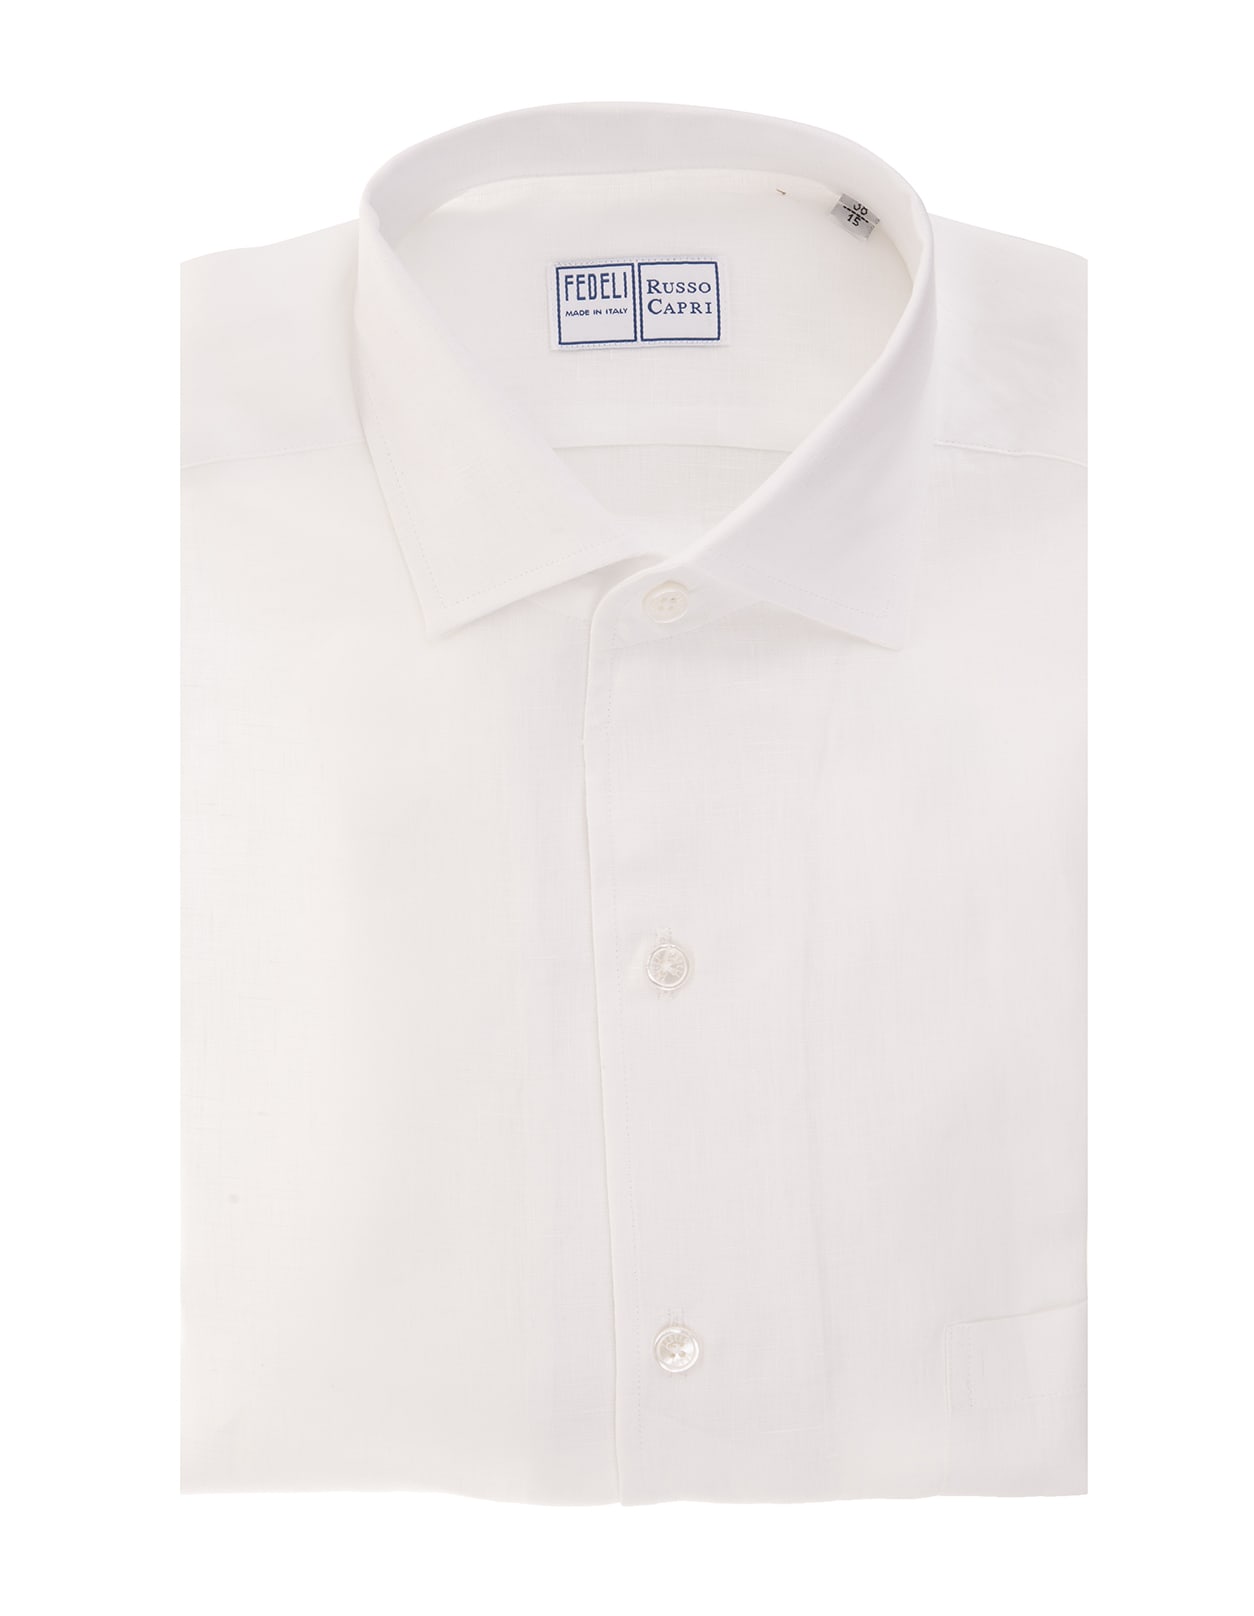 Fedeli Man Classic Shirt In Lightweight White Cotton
...
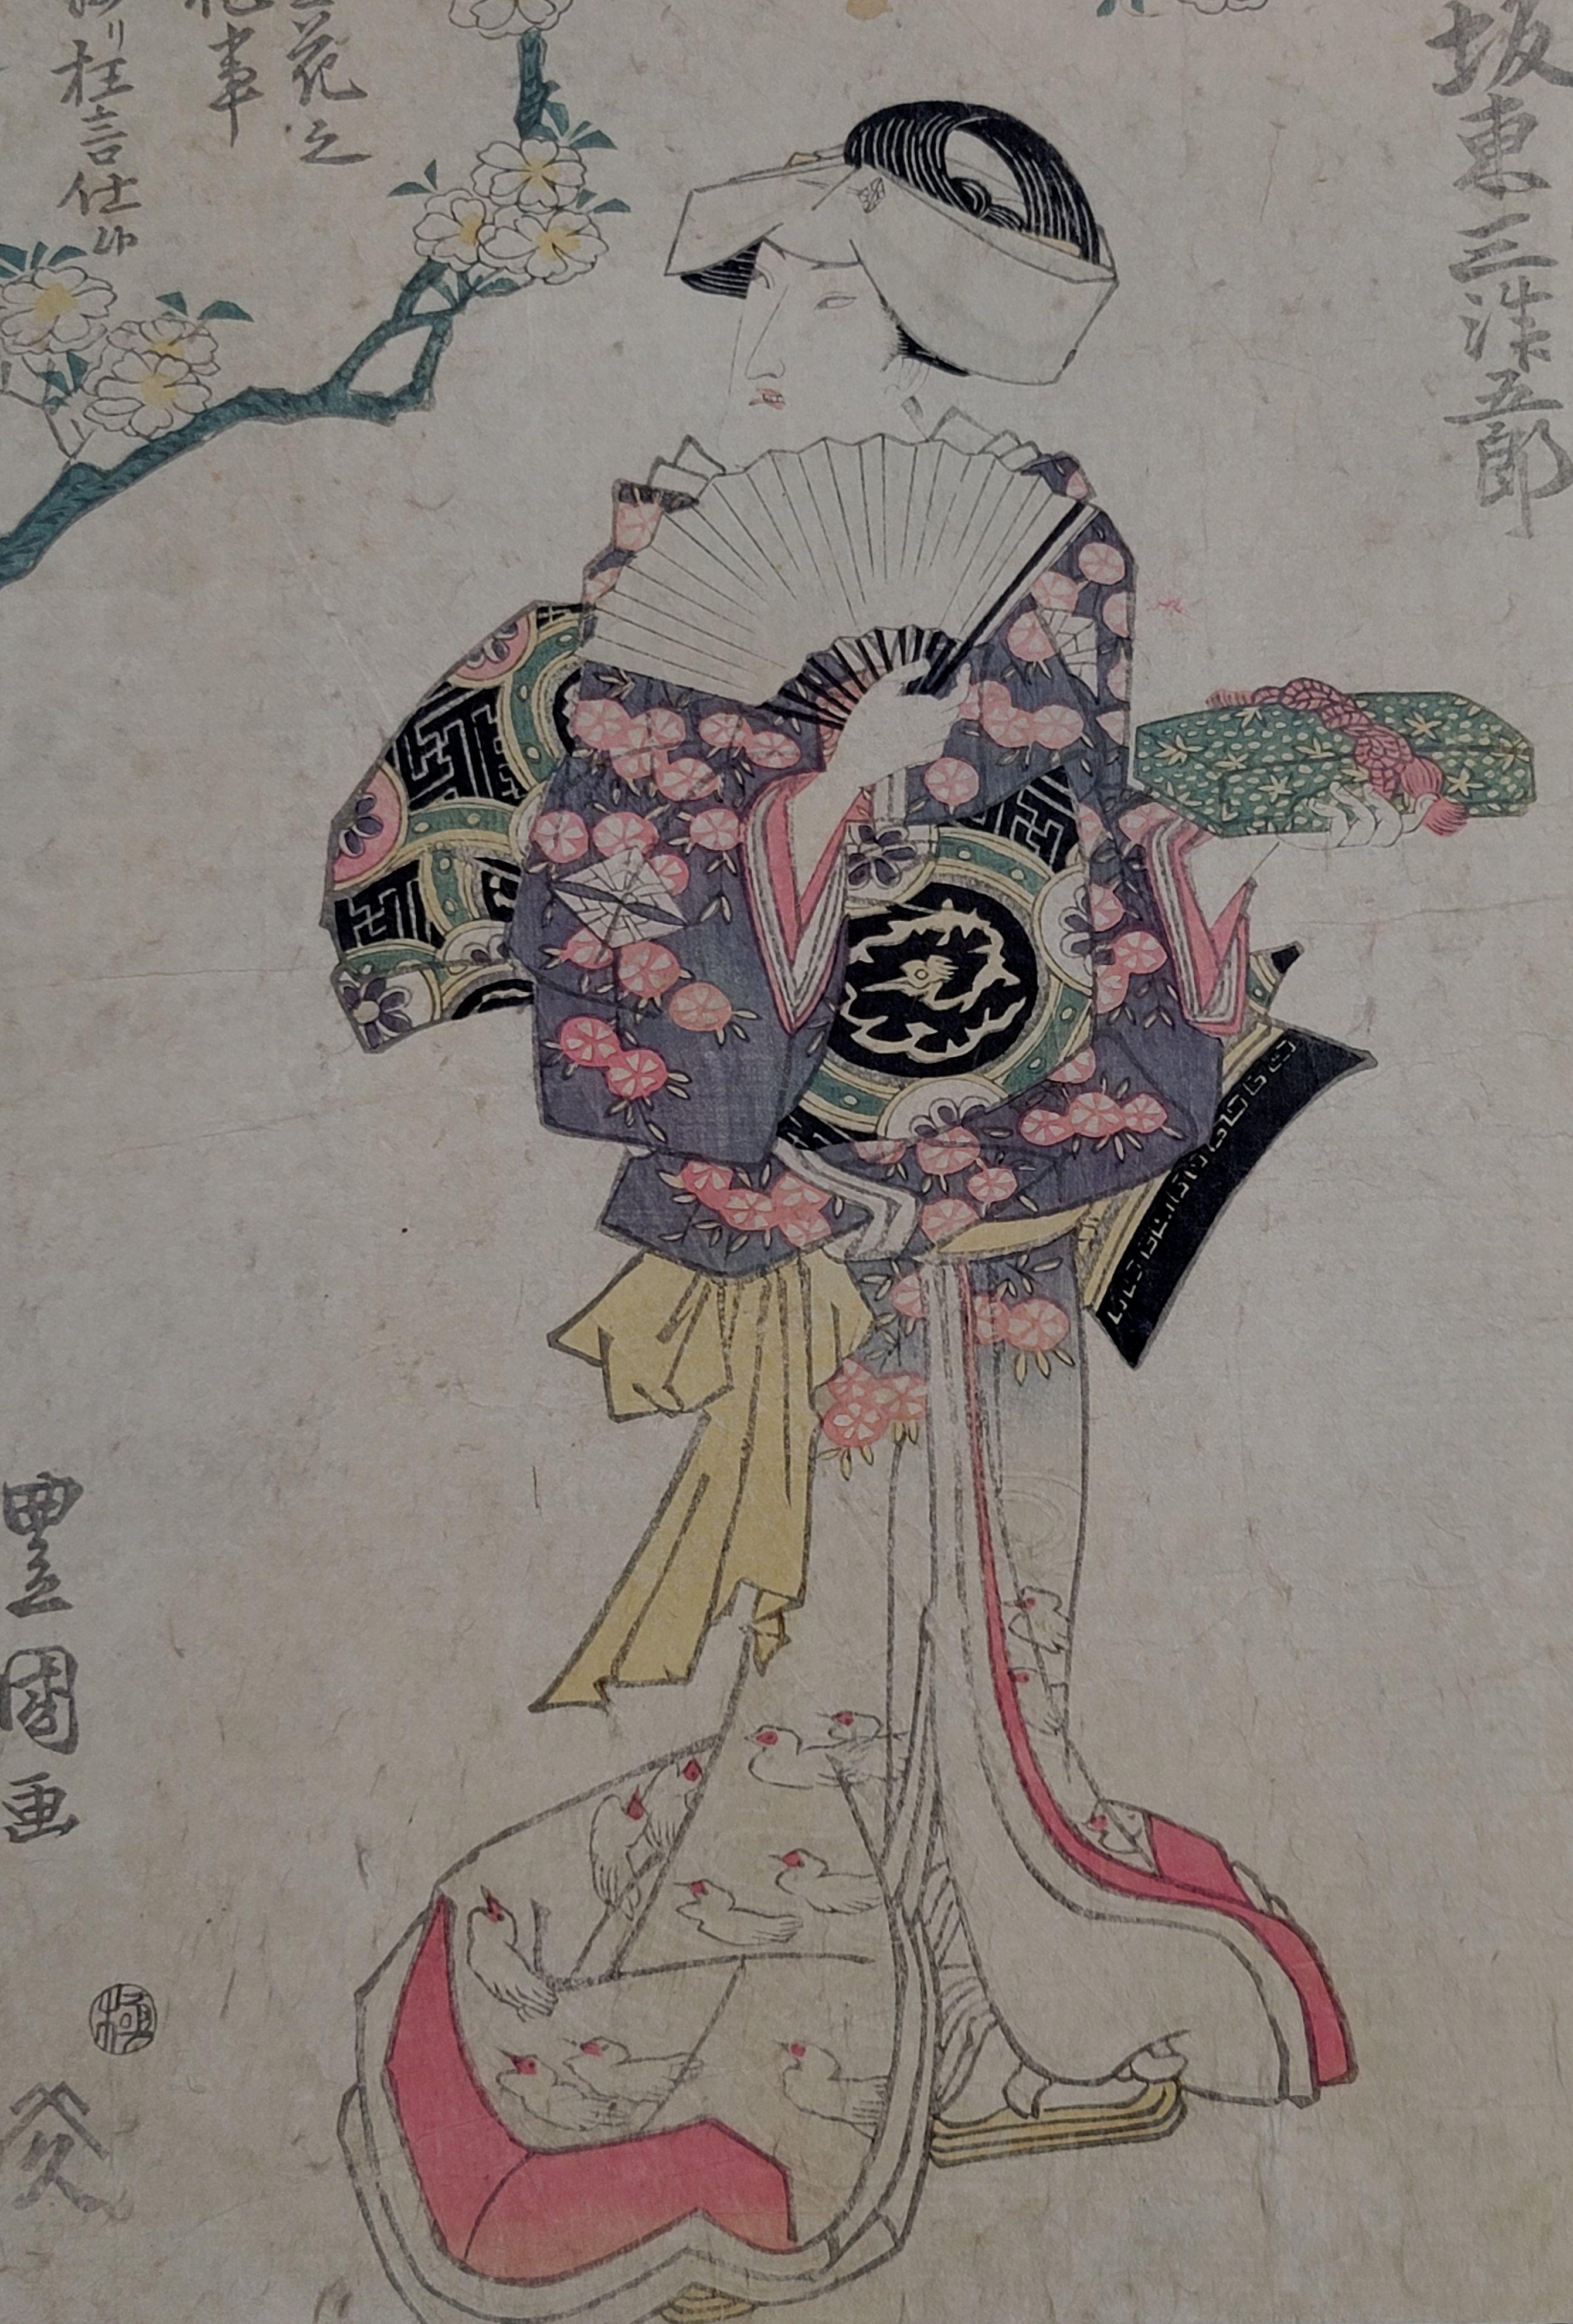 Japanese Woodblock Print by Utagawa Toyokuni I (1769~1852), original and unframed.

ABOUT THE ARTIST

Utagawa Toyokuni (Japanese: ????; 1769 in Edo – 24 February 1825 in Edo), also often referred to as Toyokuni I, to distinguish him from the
==
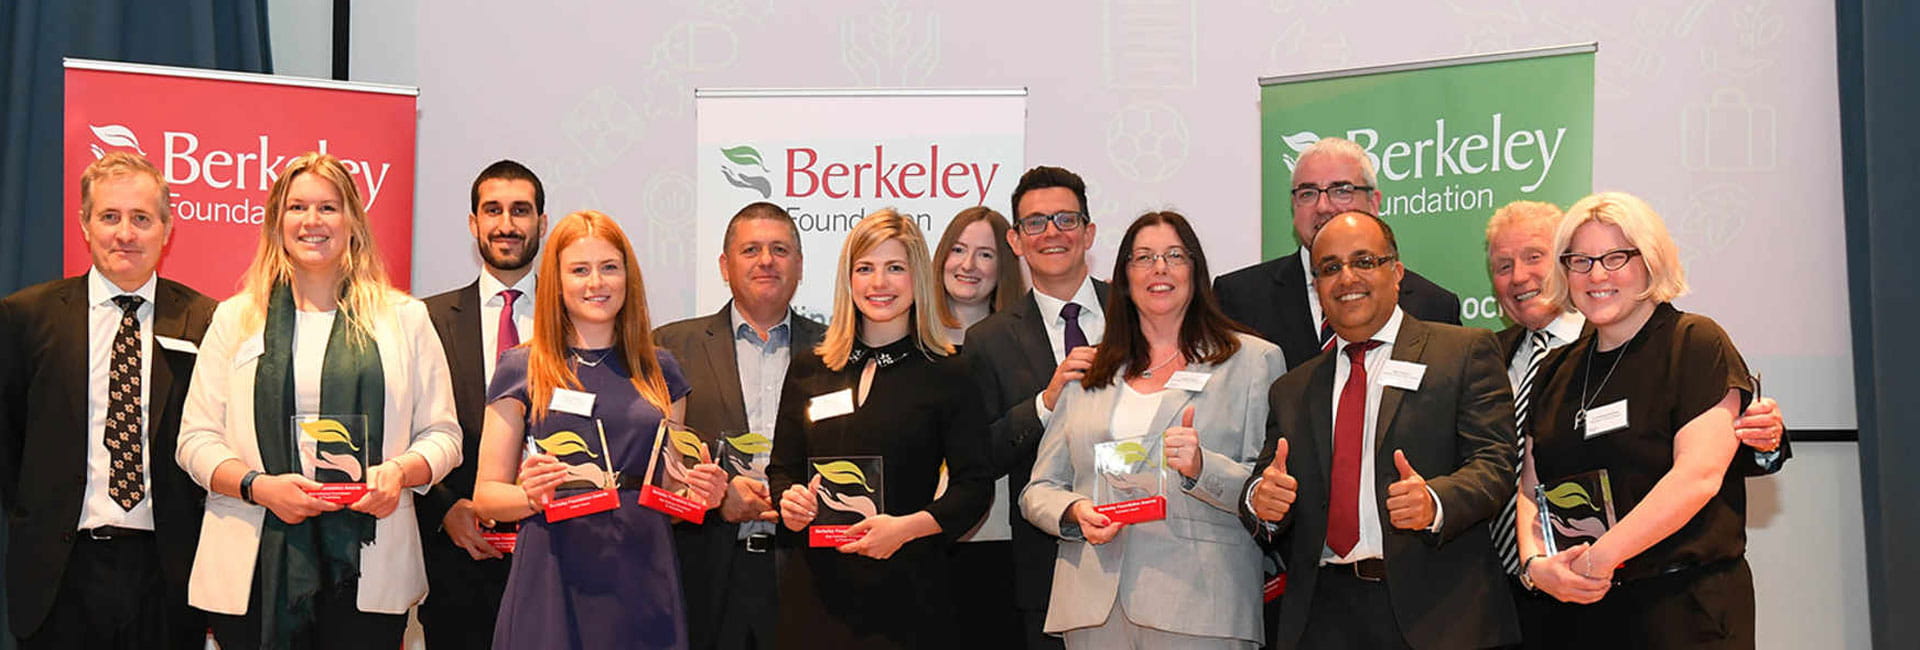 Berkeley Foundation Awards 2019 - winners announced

## Exercise brief
Above are records; repeat only the lines from the line with "Japanese Woodblock Print" through the line with "Utagawa Toyokuni (Japanese: ????;", and leave pictures out.

## Answer box
 Japanese Woodblock Print by Utagawa Toyokuni I (1769~1852), original and unframed.

ABOUT THE ARTIST

Utagawa Toyokuni (Japanese: ????; 1769 in Edo – 24 February 1825 in Edo), also often referred to as Toyokuni I, to distinguish him from the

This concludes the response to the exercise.